Par la suite, l’ADN des échantillons a été extrait, traité et analysé par Argaly. A cette étape deux méthodes d’ADN environnemental ont été testées afin de comparer leur capacités de de détection dans le cas de la renouée du Japon :
• Le métabarcoding, une approche basée sur des techniques de séquençage haut débit, qui va cibler et séquencer des courts fragments d’ADN taxonomiquement informatifs. Elle est généraliste et communique des informations de présence ou absence sur une communauté ciblée.
• La PCR quantitative, une approche qui va cibler uniquement l’espèce étudiée et va aussi indiquer si l’espèce est présente dans le milieu. Cette dernière est plus rapide et moins coûteuse.
Le graphique de la Figure 2 représente le nombre de lectures de séquençage attribuées à la séquence de la renouée du Japon en fonction de la distance par rapport au plan de renouée, des deux conditions météorologiques et de la taille de la plante. Des résultats similaires ont été trouvés pour la PCR quantitative.
Les résultats de cette étude ont montré que les méthodes d’ADN environnemental pouvaient détecter des traces de renouées dans les cours d’eau. La qPCR et le métabarcoding ont montré des résultats concordants et des capacités de détection quasiment équivalentes. L’ADN de la renouée du japon a été détecté à plus de 3km en aval du patch pour les deux méthodes. De plus, les conditions ensoleillées lors de l’échantillonnage semblent être préférables pour la détection quel que soit la surface occupée par la plante. Enfin la détection semble être plus complexe quand la plante occupe une surface plus faible. D’après ces premiers résultats, l’utilisation de la qPCR comme approche préliminaire permet d’obtenir des informations sur la présence/absence de l’espèce. Cependant l’interprétation des résultats avec cette approche est assez limitée et la détection de faux positifs est compliquée à vérifier. Dans ce cas, un séquençage pour vérifier l’absence d’amplifications non spécifiques pourrait être envisagé.

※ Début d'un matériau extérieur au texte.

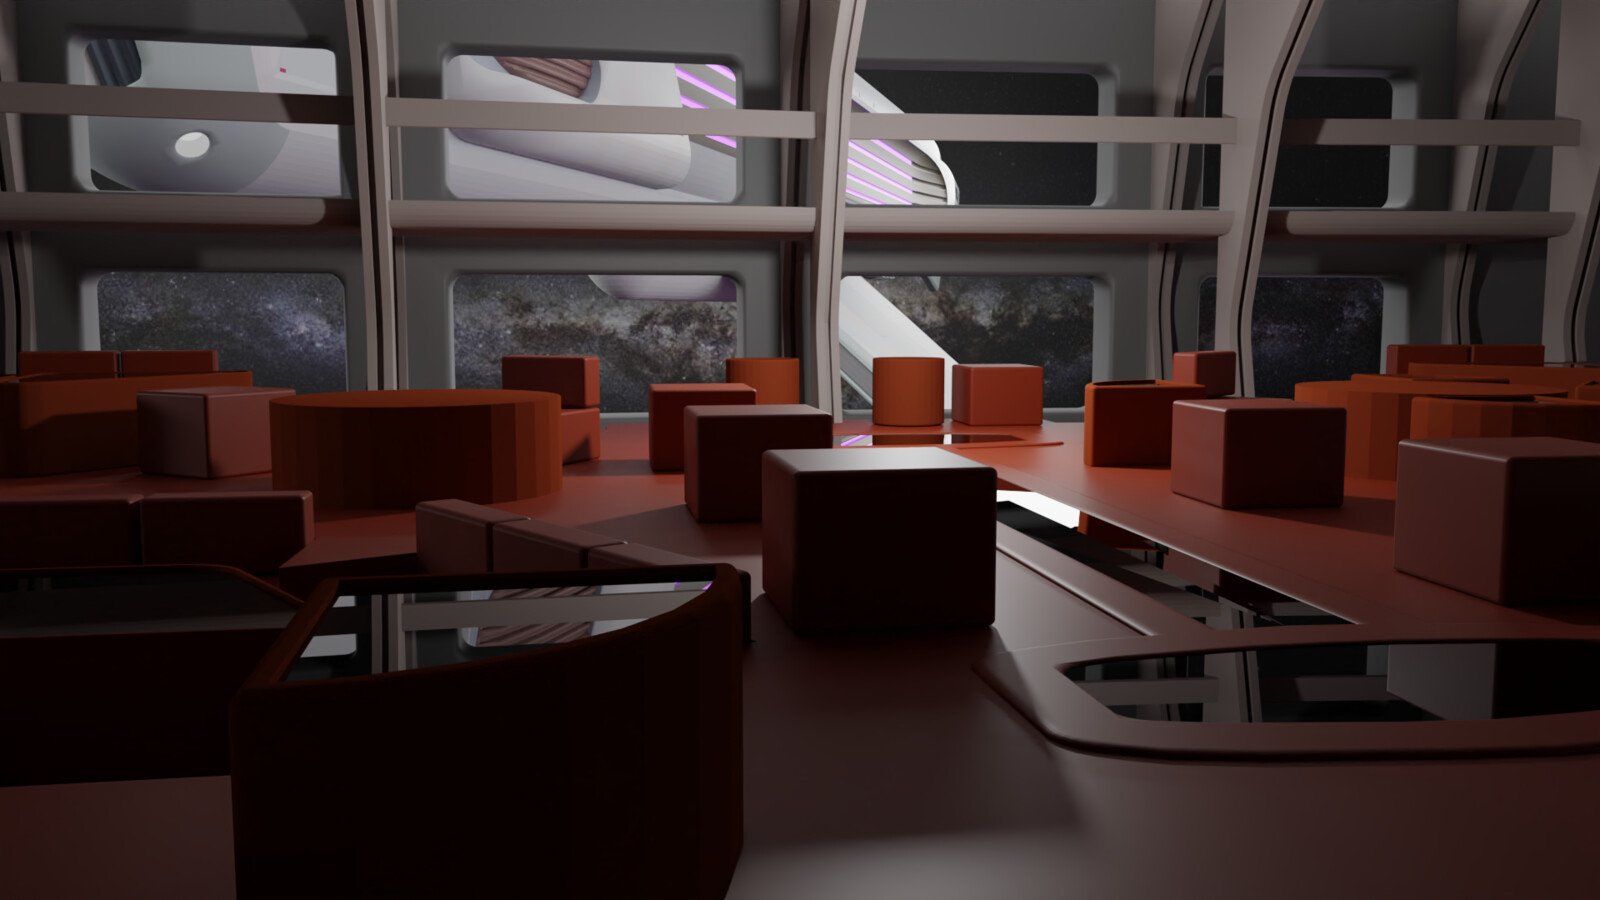 Here is another test render with the correct enterprise visible outside the windows.
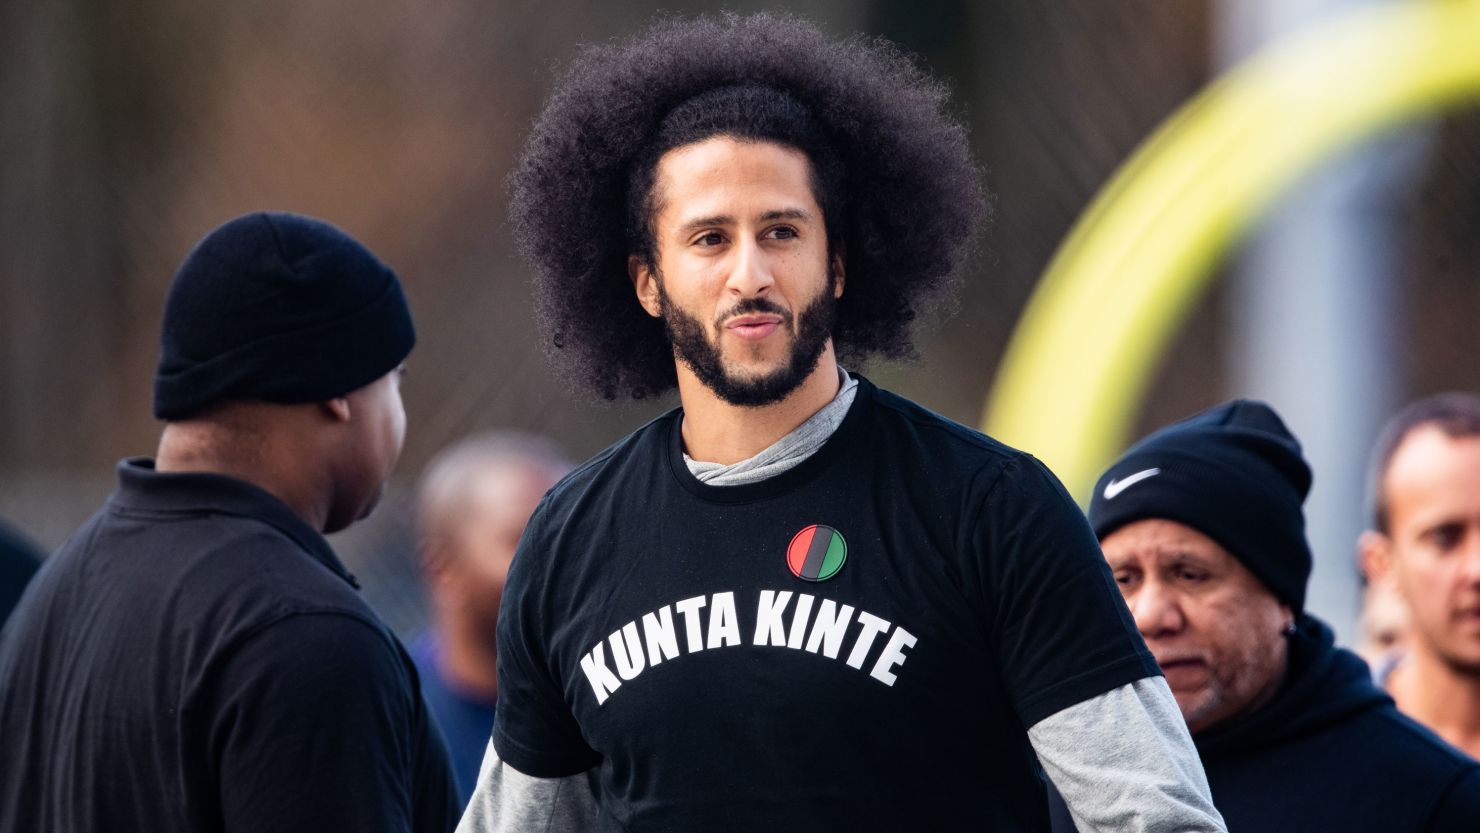 Colin Kaepernick during his NFL workout held in Riverdale, Georgia, on November 16, 2019.

Cette étude souligne l’efficacité de l’utilisation de l’ADN environnemental pour détecter la présence de la renouée du Japon en amont d’un point d’échantillonnage afin d’alerter le gestionnaire sur sa présence. Cependant, il est important de noter que la détection peut être affectée par divers facteurs environnementaux tels que la distance par rapport au point d’échantillonnage et la taille du cours d’eau. Ainsi, des études complémentaires visant à vérifier la fiabilité de cette approche sont recommandées. Ces études permettraient de fournir aux gestionnaires des informations essentielles pour prendre des décisions éclairées sur le terrain.